Kamichetty Sri Parassourama Varaprassada Rao Naidu (2 October 1921 – 19 January 1989) was a member of the legislative assembly (MLA) of Puducherry, India from 1964 until his death in 1989. A government high school in Yanam was named with his name.

Birth and family
He was born in Yanam, the son of Former Maire de Yanaon, Kamichetty Venugopala Rao Naidou and Kamalamma. He married Kamichetty Savithri. He was an undisputed leader until his death in Yanam after his father.

Member of representative assembly
He was member of representative assembly between 1946 and 1964 by winning elections in 1946, 1955 and 1959. However, in 1951 elections he lost to Canacala Tataya.

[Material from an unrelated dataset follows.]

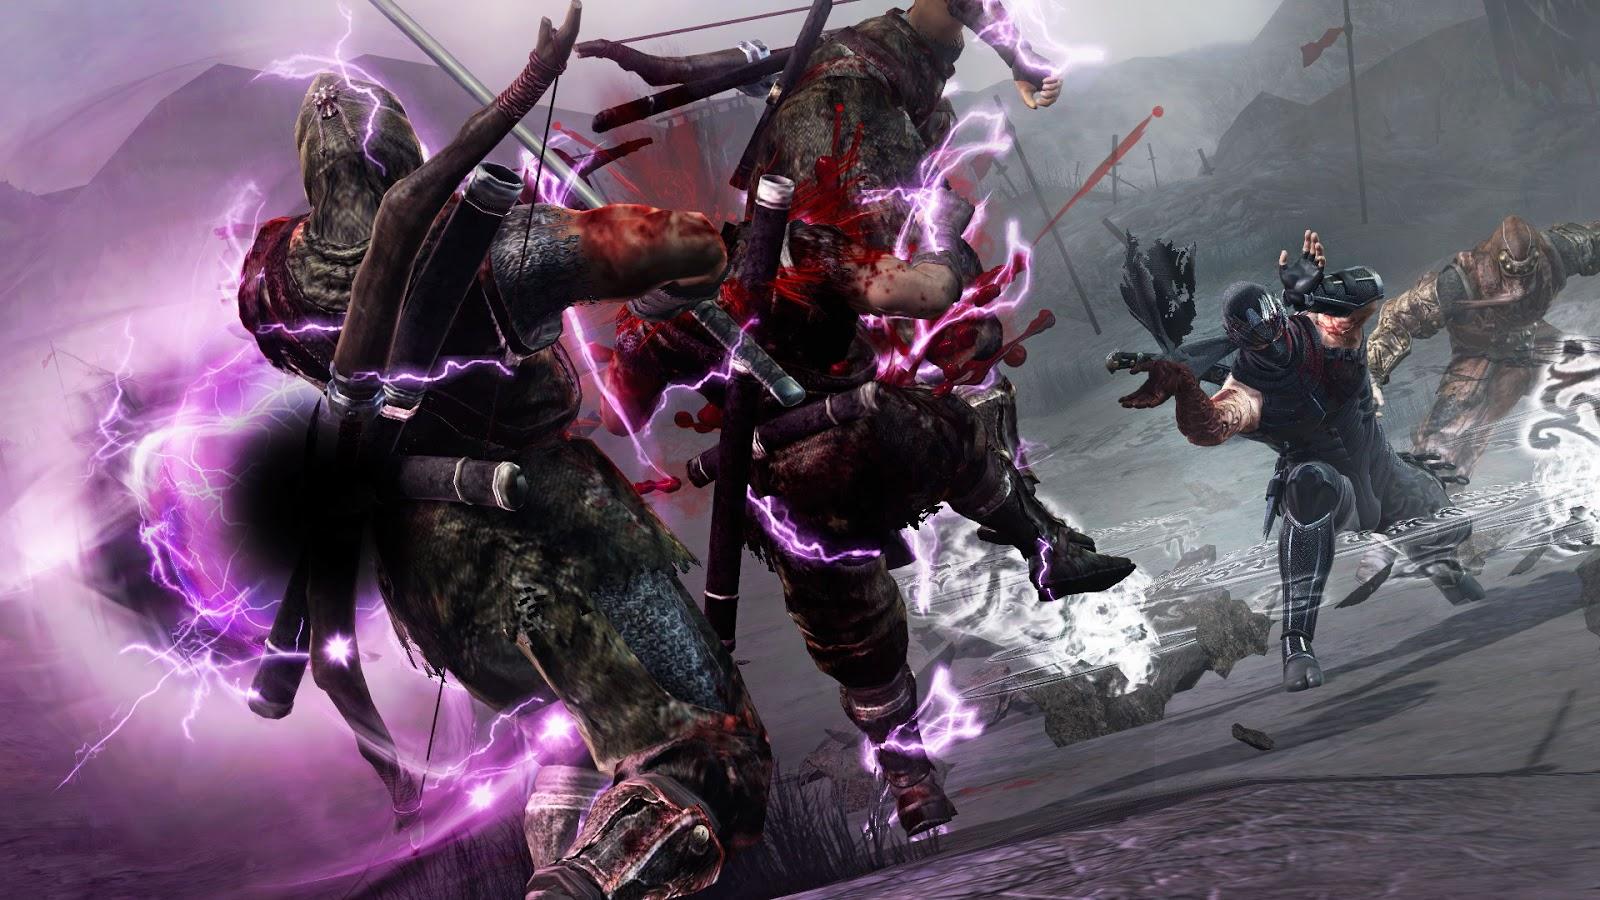 Ninja Gaiden 3 Razors Edge Goes Multiplatform We Know Gamers Gaming News Previews And Reviews

Member of legislative assembly
He was never defeated throughout his political career. He held the constituency as his pocket borough without facing any challenge in winning the seat consecutively in 1964 (INC), 1969 (IND), 1974 (IND), 1977 (JP), 1980 (IND) and in 1985 (INC). As long as he was alive he contested without break from the first elections held in 1964 as per Representation of People Act for the territorial Assembly after de jure merger of Puducherry with India.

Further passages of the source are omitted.